Language models are more or less the same thing, except they're trained on human language. Since human language is an encoding of human thought processes, then the model learns the patterns of human thought which are embedded in text, and can both generate and recognize them.
This is why LLMs can "understand" and answer complicated questions that don't exist in their training set, and do things like debug code. Even though it never saw that exact question, it recognizes the high level/abstract concepts that make up the question (since those abstract concepts exist in various different forms in the training set).
So giving an LLM a textual description of an algorithm, and having it detect logical errors in it, is not that unbelievable. Whether current models are good enough to do it well is the question to ask.
The equivalent of an existing handwriting recognizer for e.g.
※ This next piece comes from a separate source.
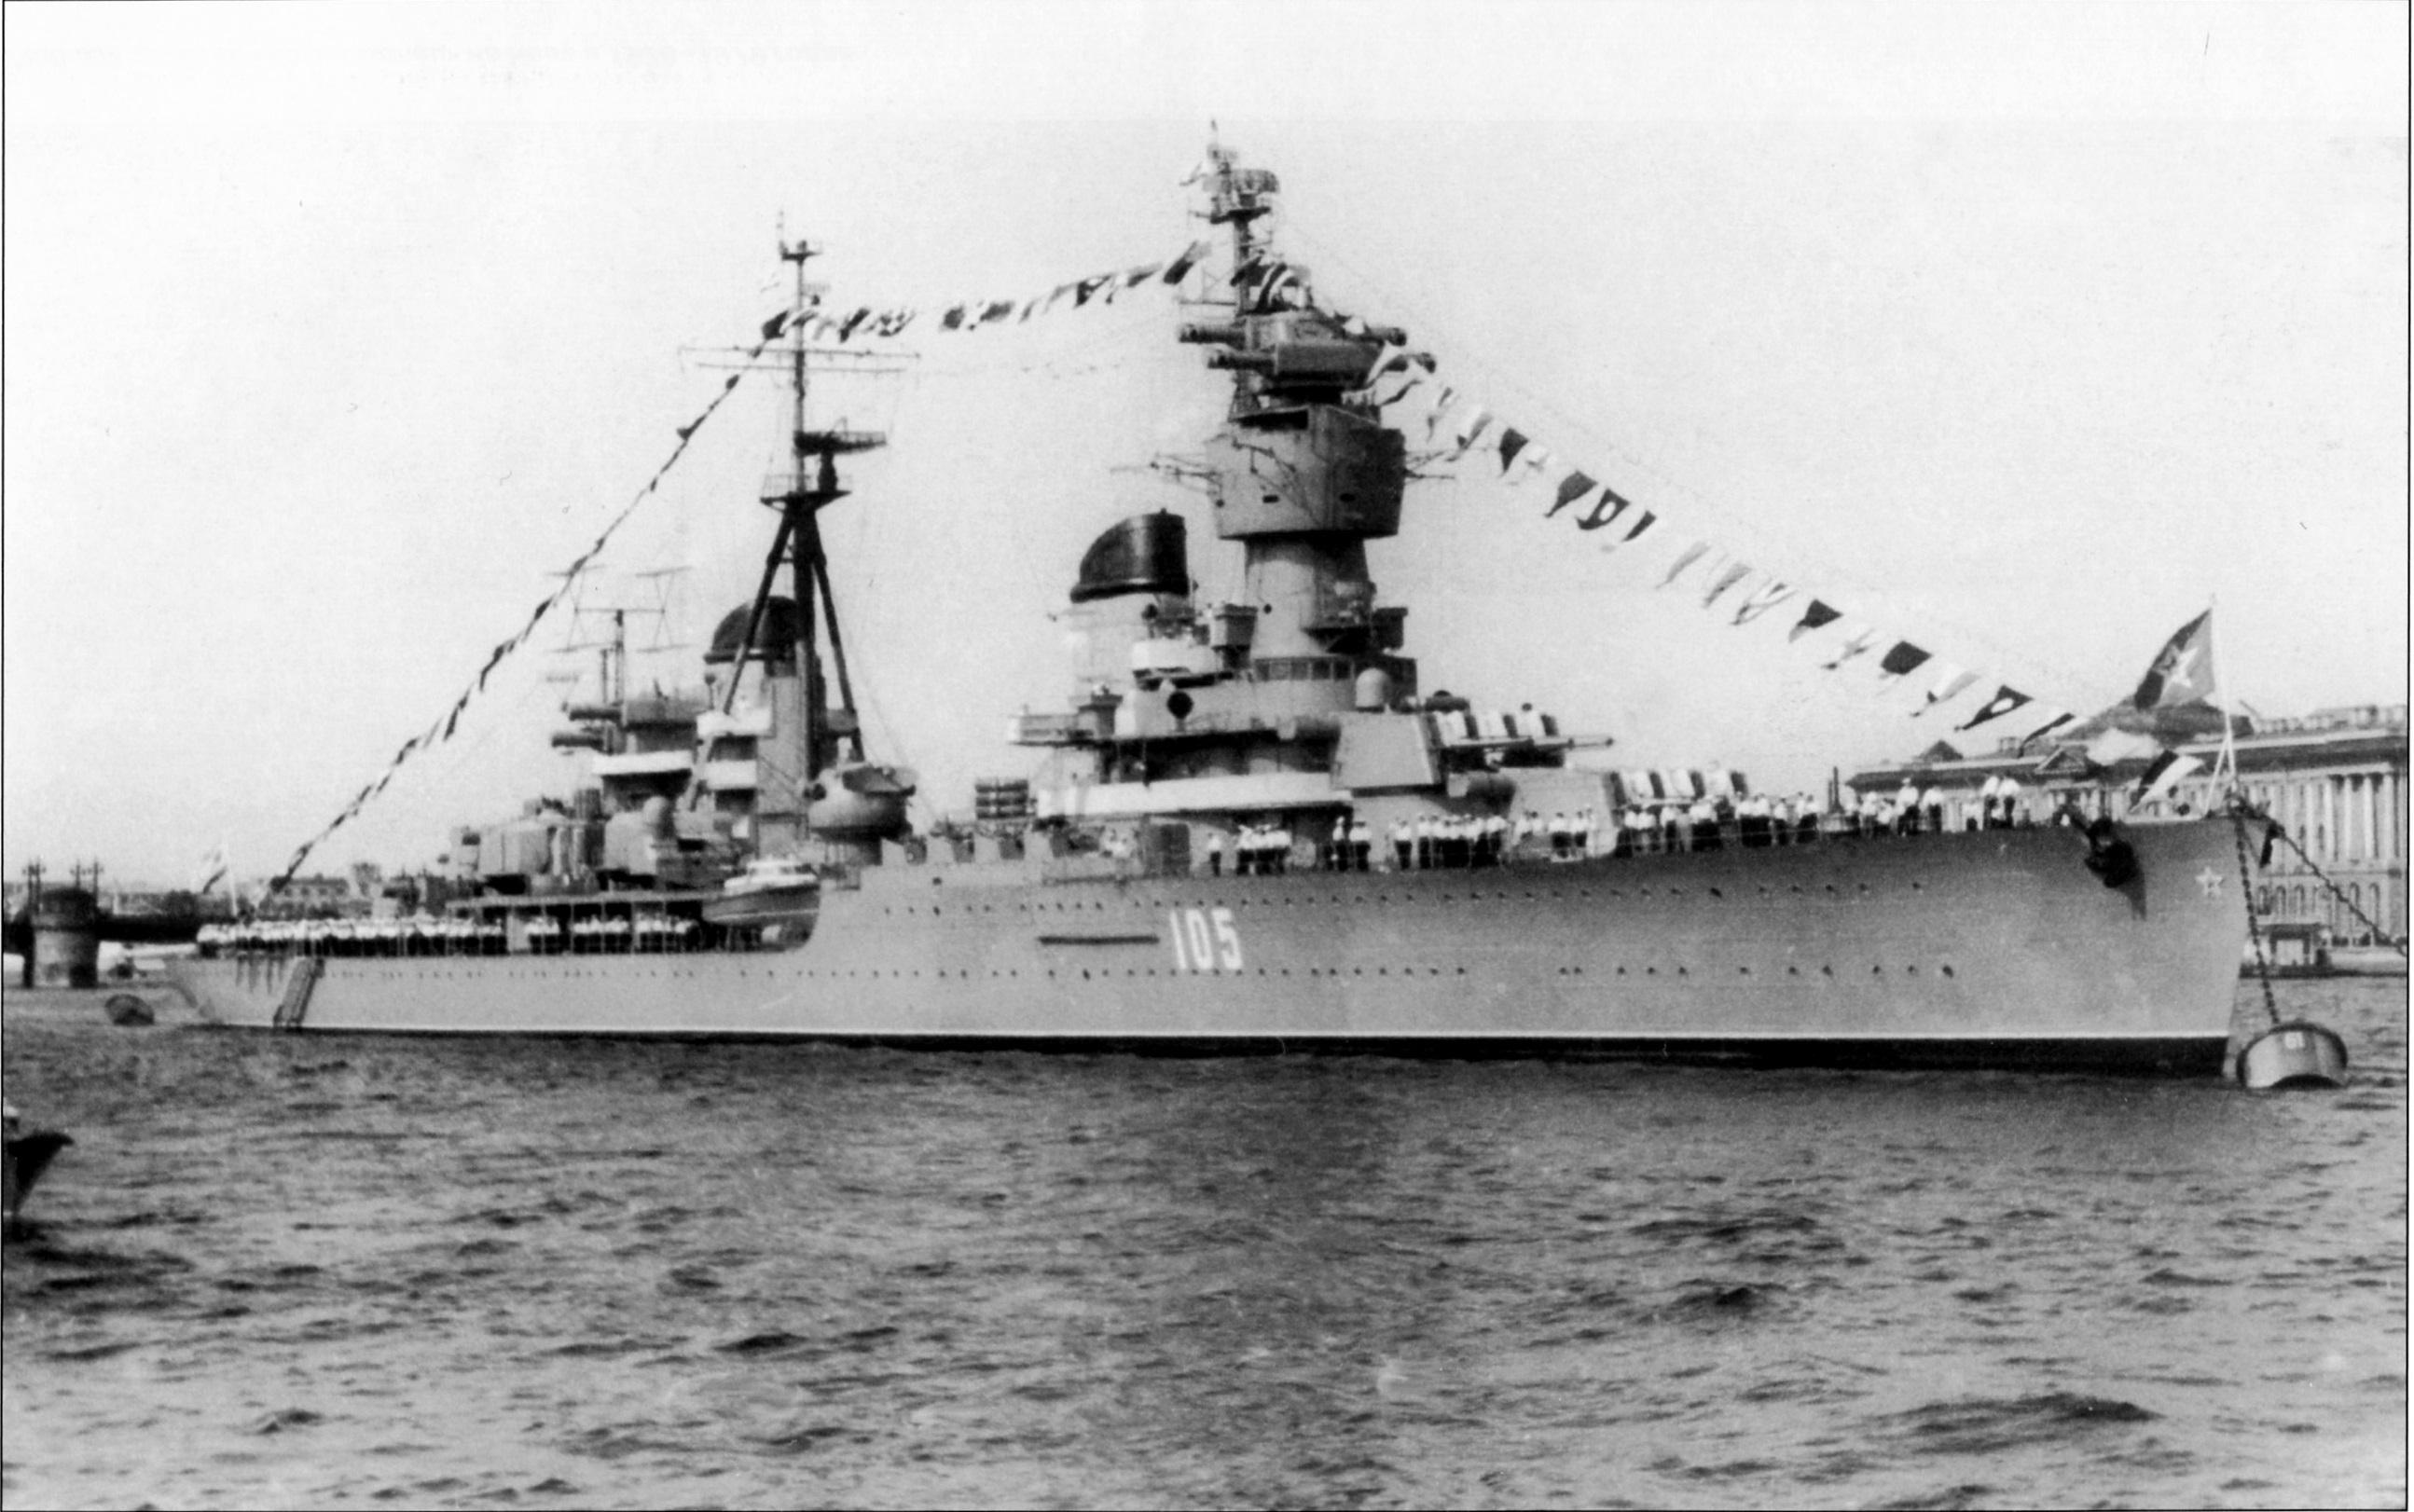 Картинка крейсер сверху в порту

RSA wouldn't be a model that tells you how to crack RSA, it'd be a model that _does_ crack it (maybe by returning a probability distribution over the plaintext that's better than uniform). That feels pretty unlikely to me personally, but maybe that's doable, who knows.
For the standard of "the LLM tells us how to crack RSA," it feels like the equivalent for handwriting recognition would be the LLM outputting a description of a novel algorithm for handwriting recognition (and probably one that isn't just an existing one with some hyperparameters tweaked).
My understanding of the weaknesses of current LLMs is that they're actually pretty bad at that, since they tend to regurgitating existing content when they're able to.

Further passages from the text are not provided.